Eldorado
- 1913 First Edition
- Author: Baroness Orczy
- Language: English
- Series: The Scarlet Pimpernel
- Genre: Adventure, Historical novel
- Publisher: Hodder & Stoughton
- Publication date: 1913
- Publication place: United Kingdom
- Media type: Print (hardback & paperback)
- Pages: 374 pp
- Preceded by: The Way of the Scarlet Pimpernel
- Followed by: Mam'zelle Guillotine

= Eldorado (novel) =

1913 novel by Baroness Orczy

Eldorado, by Baroness Orczy is a sequel book to the classic adventure tale The Scarlet Pimpernel. It was first published in 1913 by Hodder & Stoughton. The novel is notable in that it provided the partial basis for several of the film treatments of the original book.

A French-language version, translated and adapted by Charlotte and Marie-Louise Desroyses, was also produced under the title La Capture du Mouron Rouge.

As well as containing all the main characters from the first book, Eldorado introduces several new characters and features the Baron de Batz, who also turns up in Sir Percy Leads the Band and The Way of the Scarlet Pimpernel (Baron Jean de Batz is a genuine historical figure).

==Plot summary==

It is 1794 and Paris, "despite the horrors that had stained her walls - has remained a city of pleasure, and the knife of the guillotine did scarce descend more often than did the drop-scenes on the stage."

The plot begins when Sir Percy, the Scarlet Pimpernel, reluctantly agrees to take Armand St. Just, brother of his wife, Marguerite, with him to France as part of a plan to rescue the young Dauphin.

Percy warns Armand not to renew any friendships while in Paris, but it doesn't take long before Armand has ignored his warnings and renewed a friendship with the scheming Baron de Batz (in the pay of the Austrian government), who wants to free the Dauphin himself and despises the Scarlet Pimpernel and all he represents.

Whilst attending the opera with De Batz, Armand foolishly tells him that he is in the league of the Scarlet Pimpernel. While there, he falls in love with a young actress named Citizeness Jeanne L'Ange. De Batz introduces the couple backstage at the theatre and once they have fallen for each other, De Batz tells Citizen Heron of the general committee of Public Safety where and when they have arranged to meet.

After covering for Armand at her house, L'Ange is arrested and thrown into jail. Learning of her peril and in the throes of passion, Armand fails to trust Sir Percy who has told him that he will rescue Jeanne, and forgets his promise to his leader.

Armand, desperate to share Jeanne's fate, runs to the gate of the Temple prison and screams, "Long Live the King." There he is intercepted by none other than Percy's arch enemy, Chauvelin.

Faced with the death of his love, Armand betrays Percy, unaware that The Pimpernel has already secured Jeanne's freedom.
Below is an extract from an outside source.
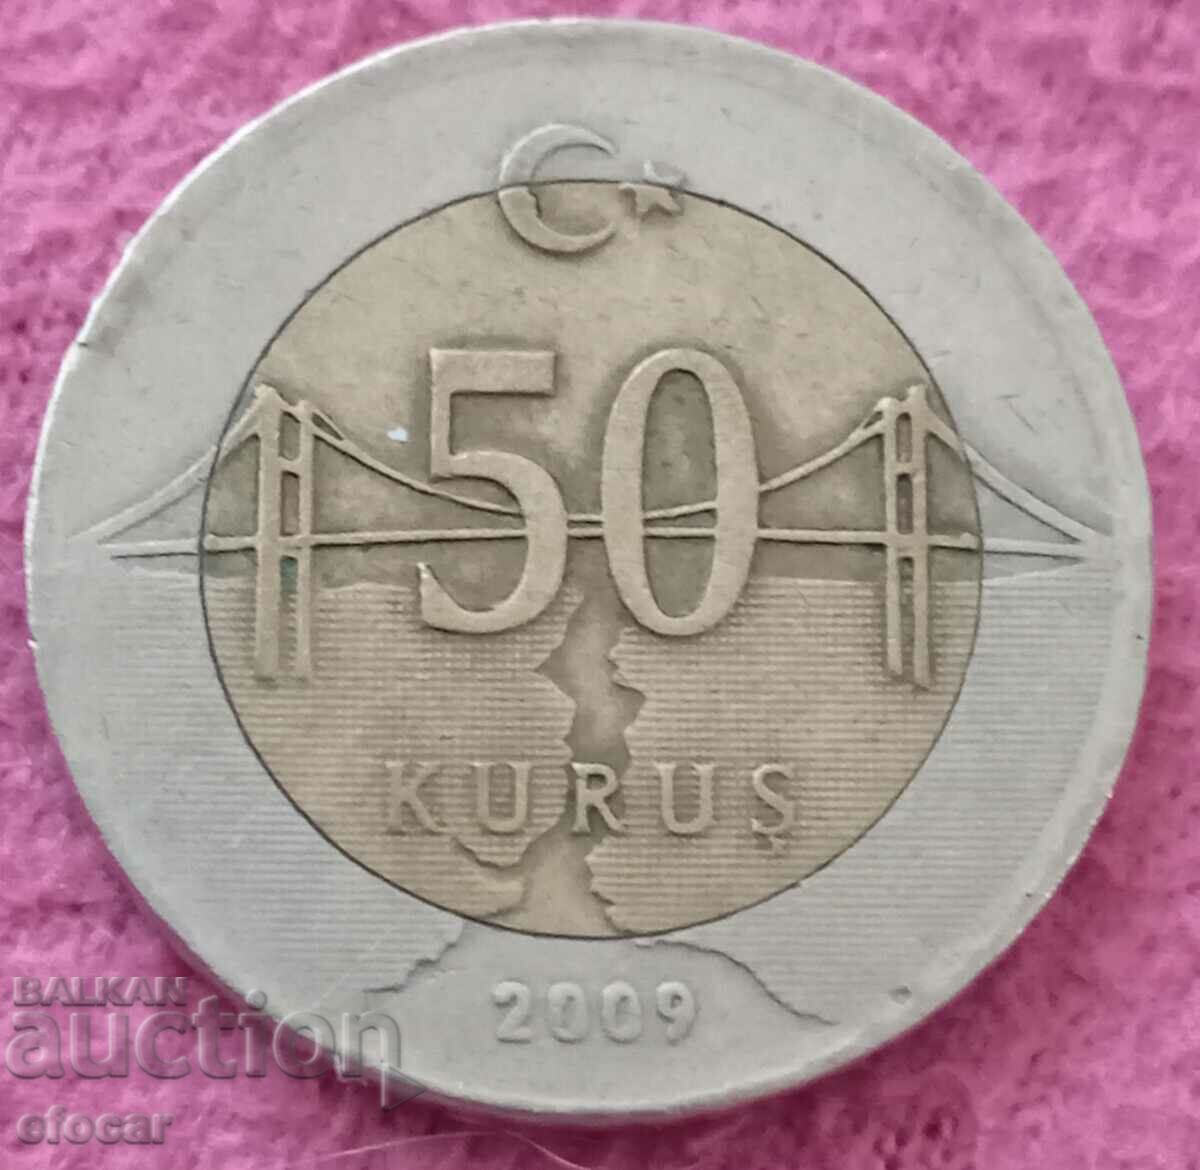 50 kuruş Turkey 2009
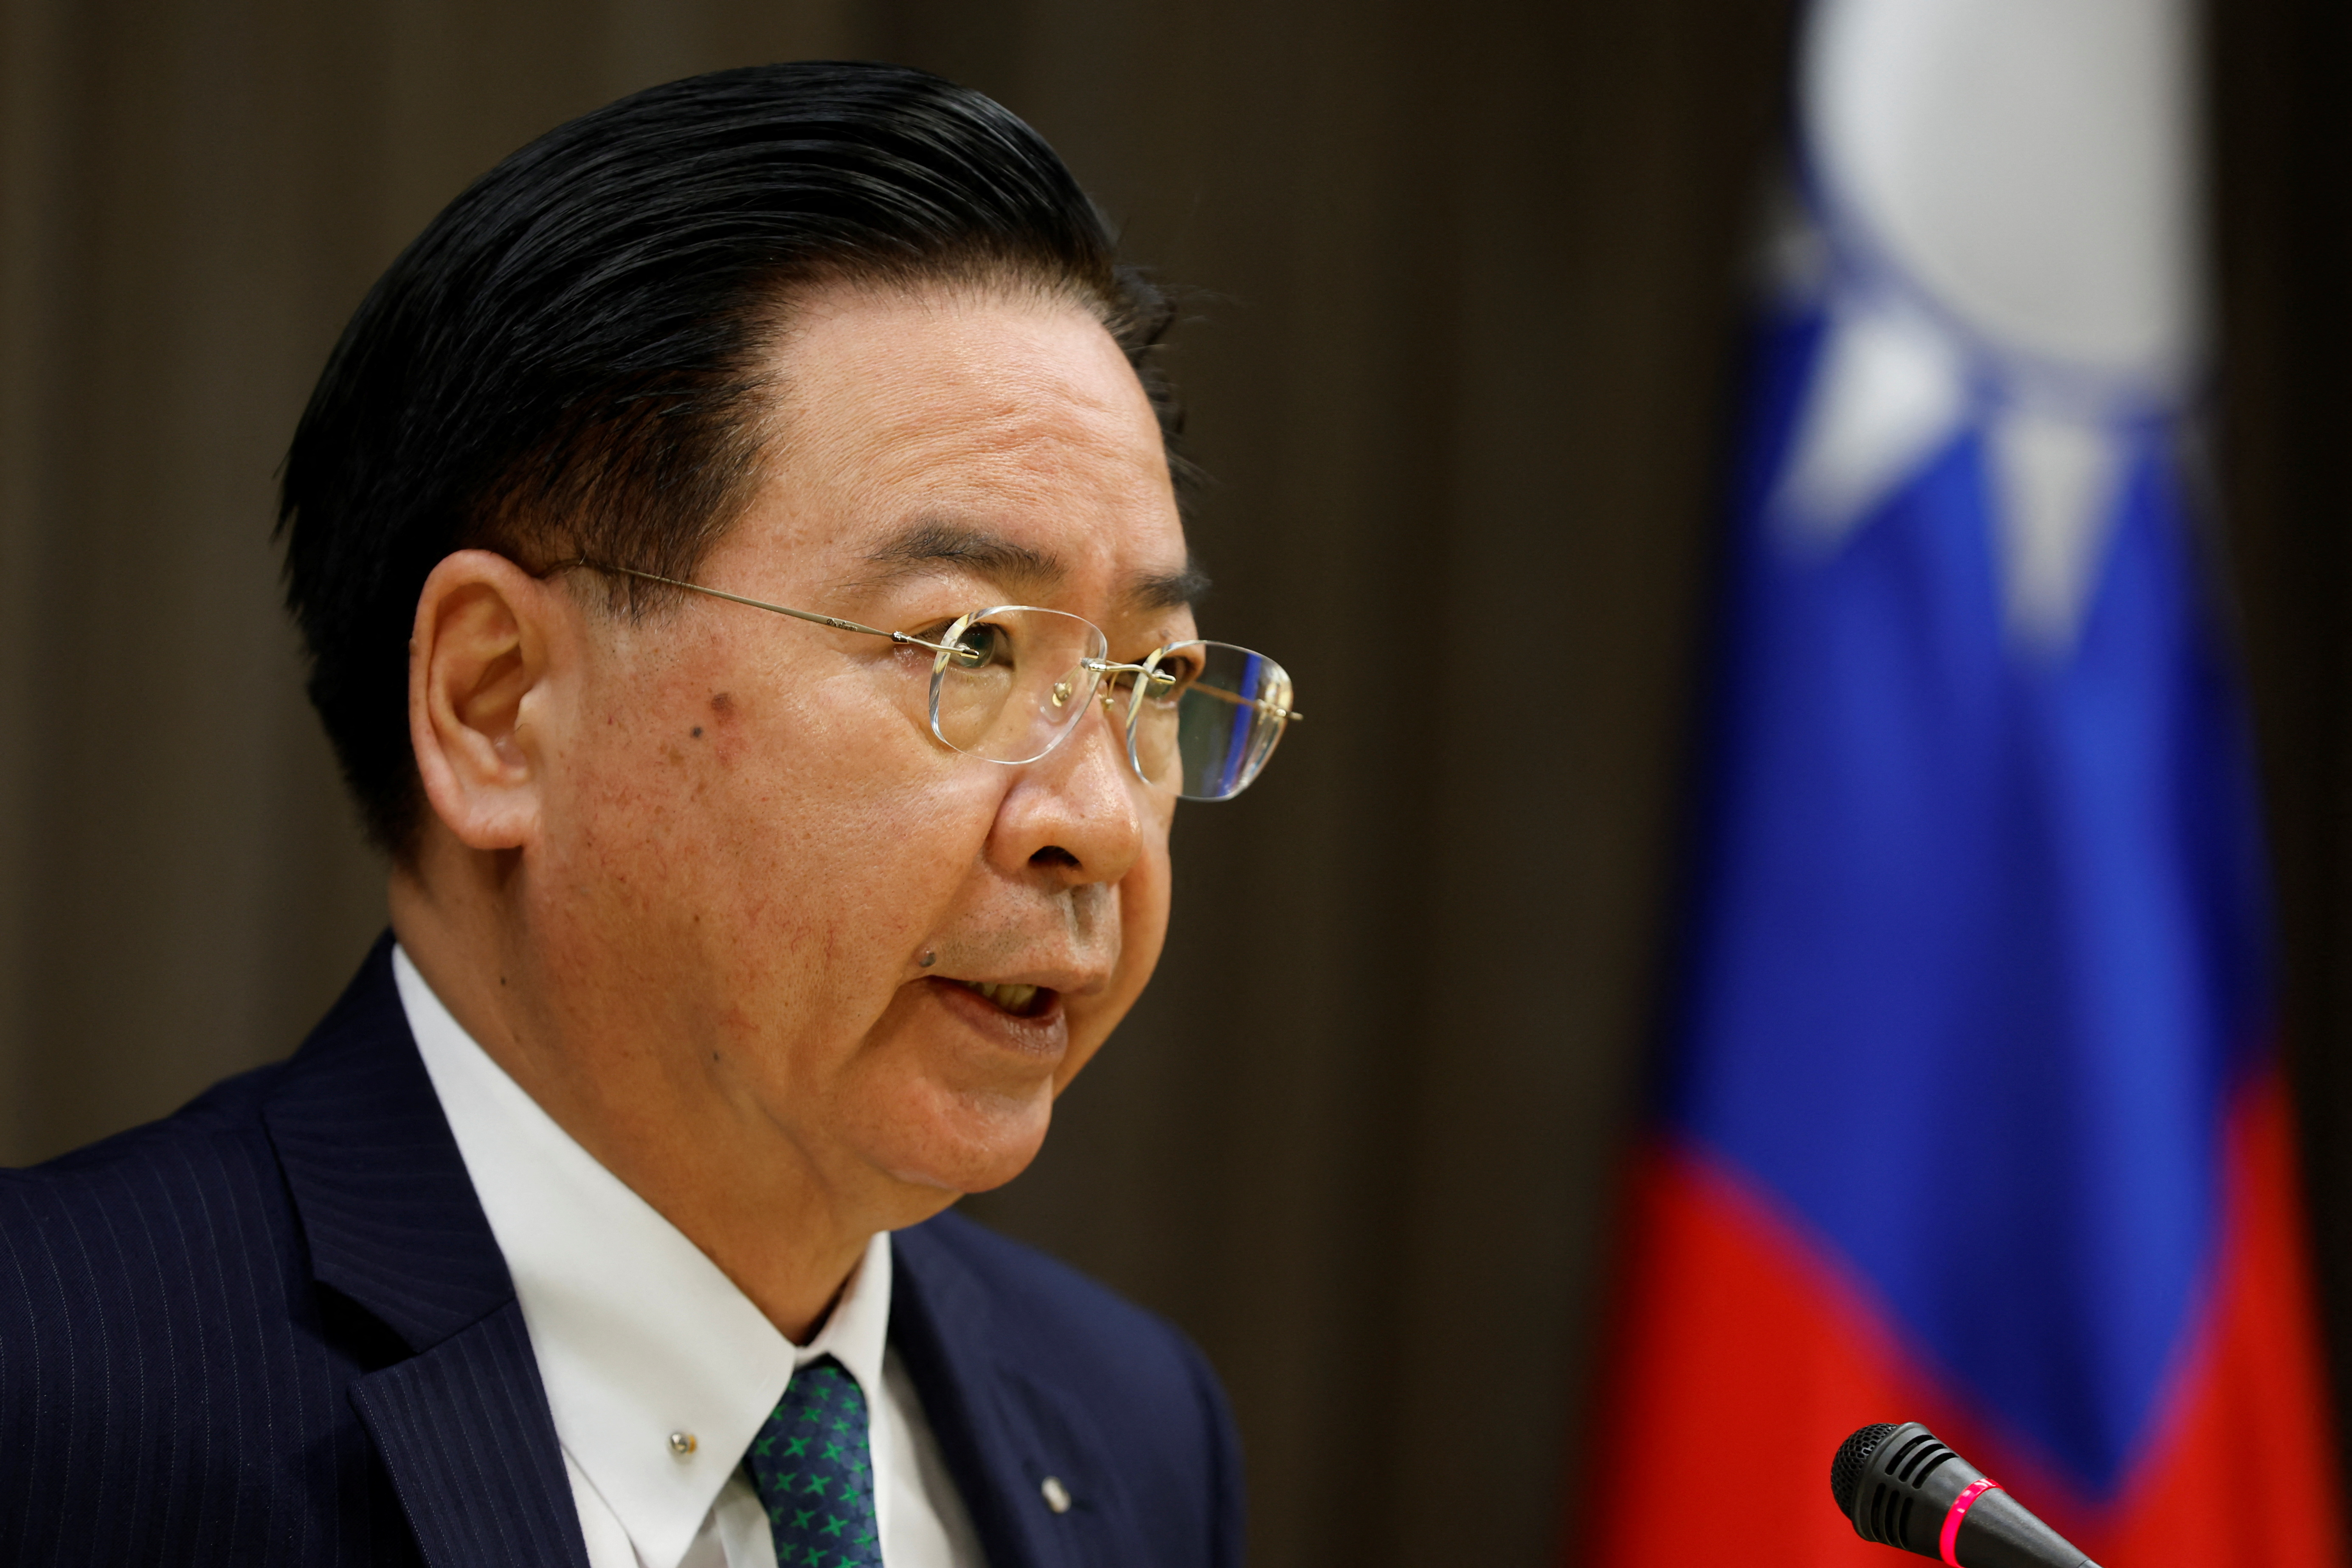 Taiwán aseguró que Honduras “se hace ilusiones” ante las promesas del régimen chino de una supuesta ayuda financiera. (REUTERS)

Sir Percy is then captured and imprisoned by Chauvelin and Heron in the cell that was home to Marie Antoinette in her last days.

Chauvelin insists that Percy is to be deprived of sleep in the hope that he will be weakened and disclose where young Capet, the uncrowned King of France, is being held following his rescue.

After 17 days in prison, Percy is sure that the dauphin has been transported safely into Holland. He then contrives, by pretending to crack and confess the dauphin's whereabouts, to make his escape. He tells Chauvelin and Heron that the dauphin is being held in an area in the north, near the coast of France, but that he has to show them, rather than tell them, because the paths are nameless and too small for them to find without him.

Chauvelin and Heron, skeptical, bring along Armand and Marguerite as hostages. Once in the north, Percy takes advantage of a chance when Chauvelin and Heron are separated, and darkness, to subdue Heron, bind and truss him, put on his clothes, and direct the guileless French soldiers (who think that the bound Heron is Percy) to put him in the gated yard of a church. Percy, still thought to be Heron, drives a carriage with Marguerite and Armand inside to the coast, where his ship is waiting for them.